If we follow the doctrine of the foregoing case, it would be necessary to hold that the indexes were insufficient to impart notice to the grantee of the Barbers that the latter had mortgaged, or intended to mortgage, land in range 7 ; and if we hold that such indexes would have required the searcher to find and read the record of the mortgage given by the Barbers to the plaintiff, the reading thereof would end the inquiry, as already remarked.

In Lessee of Jennings v.

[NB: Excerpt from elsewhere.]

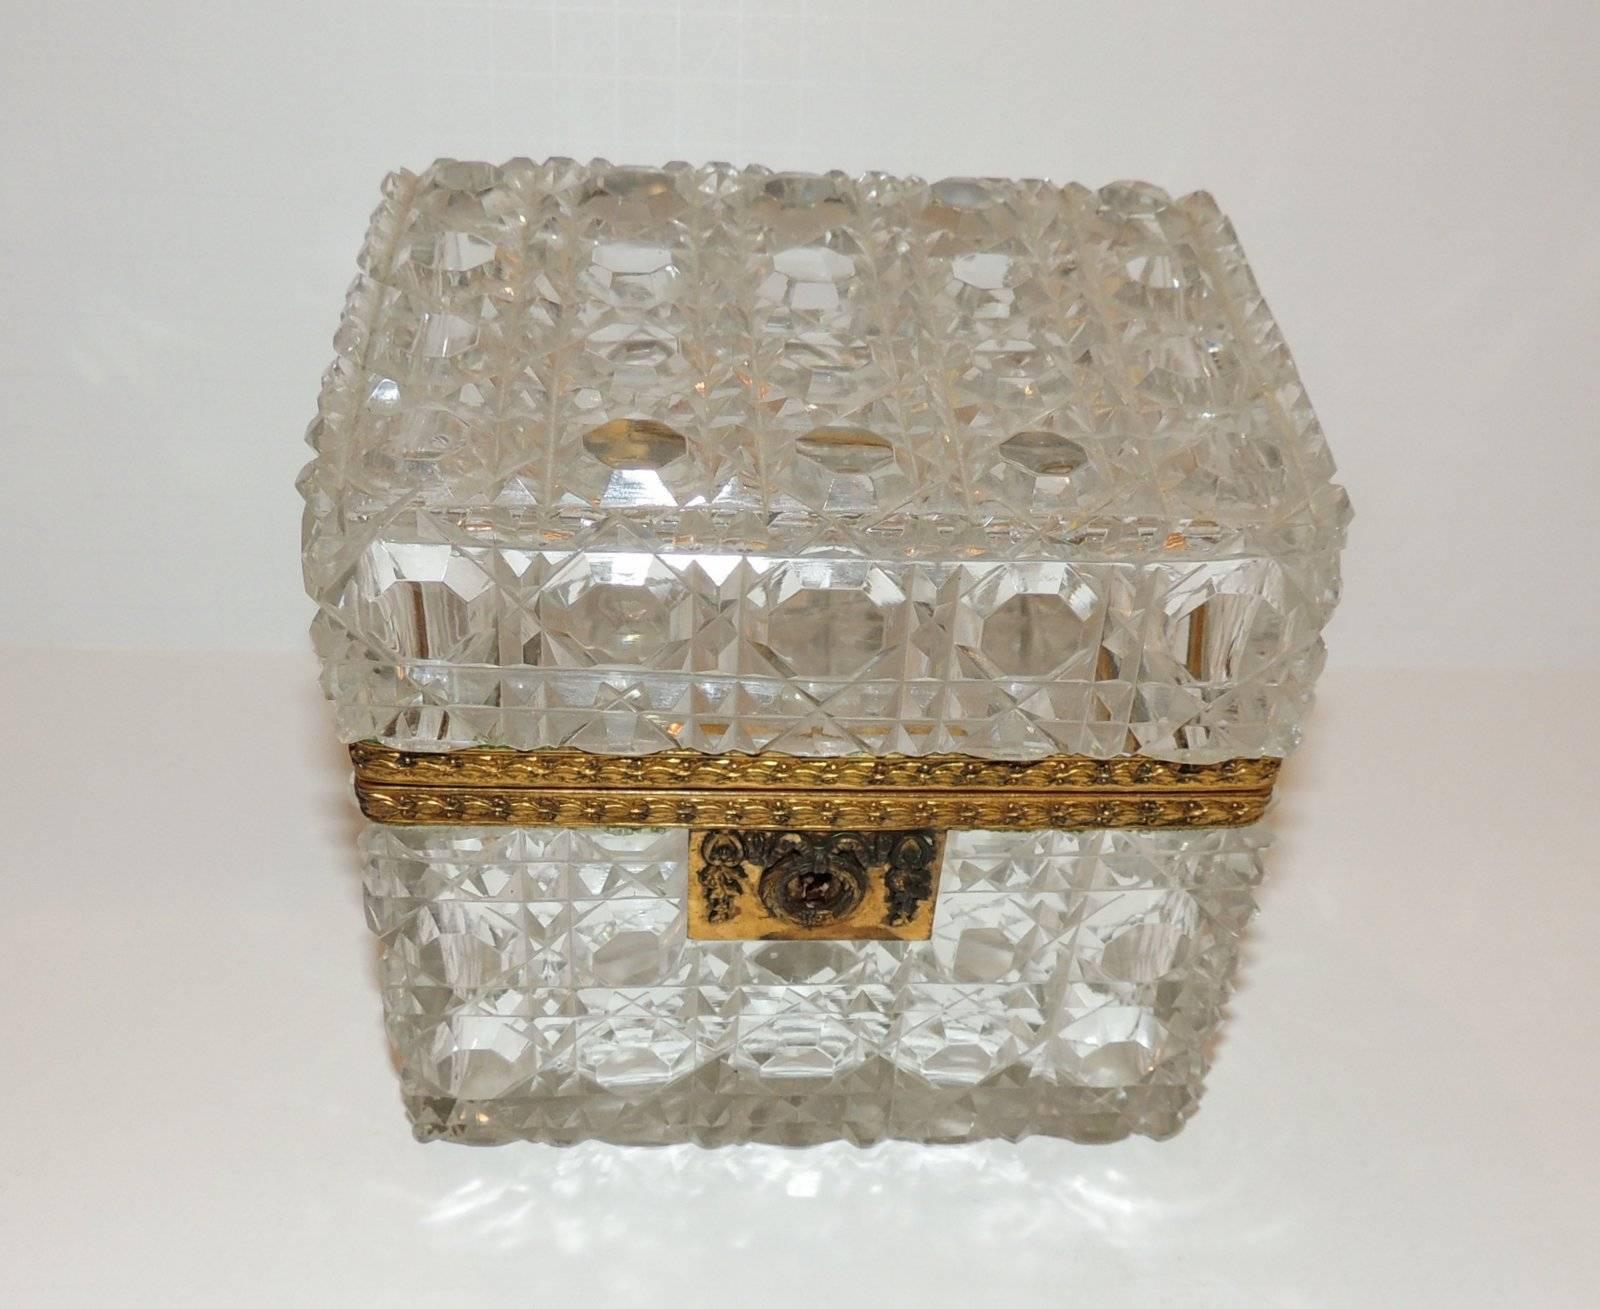 A wonderful French faceted cut crystal casket with engraved scroll bronze ormolu mountings with wreath draped keyhole.

Measures: 5.25" L x 5.25" H x 4" D.

Wood, 20 Ohio, 261, the court, in its opinion said: “The reason that a party is chargeable with constructive notice is that by an examination of the record he will have actual notice.” And in the syllabus of the same case the court declared “ that a party can only be chargeable with constructive notice from the record when the record would give him actual notice.”

We shall not attempt to lay down any general rules relating to registry records and indexes thereof, as it is generally true that each case involving entries in such records must be decided according to its own peculiar facts. Under the facts of the present case, we hold that neither actual nor constructive notice was shown on the part of William Coulter, jr., and M. F. Laughlin, or either of them,' as to the existence of a mortgage, actual or intended, against the west one-half of the southeast quarter of section 6, township 18, range 7, in Rice county. The judgment of the district court is affirmed.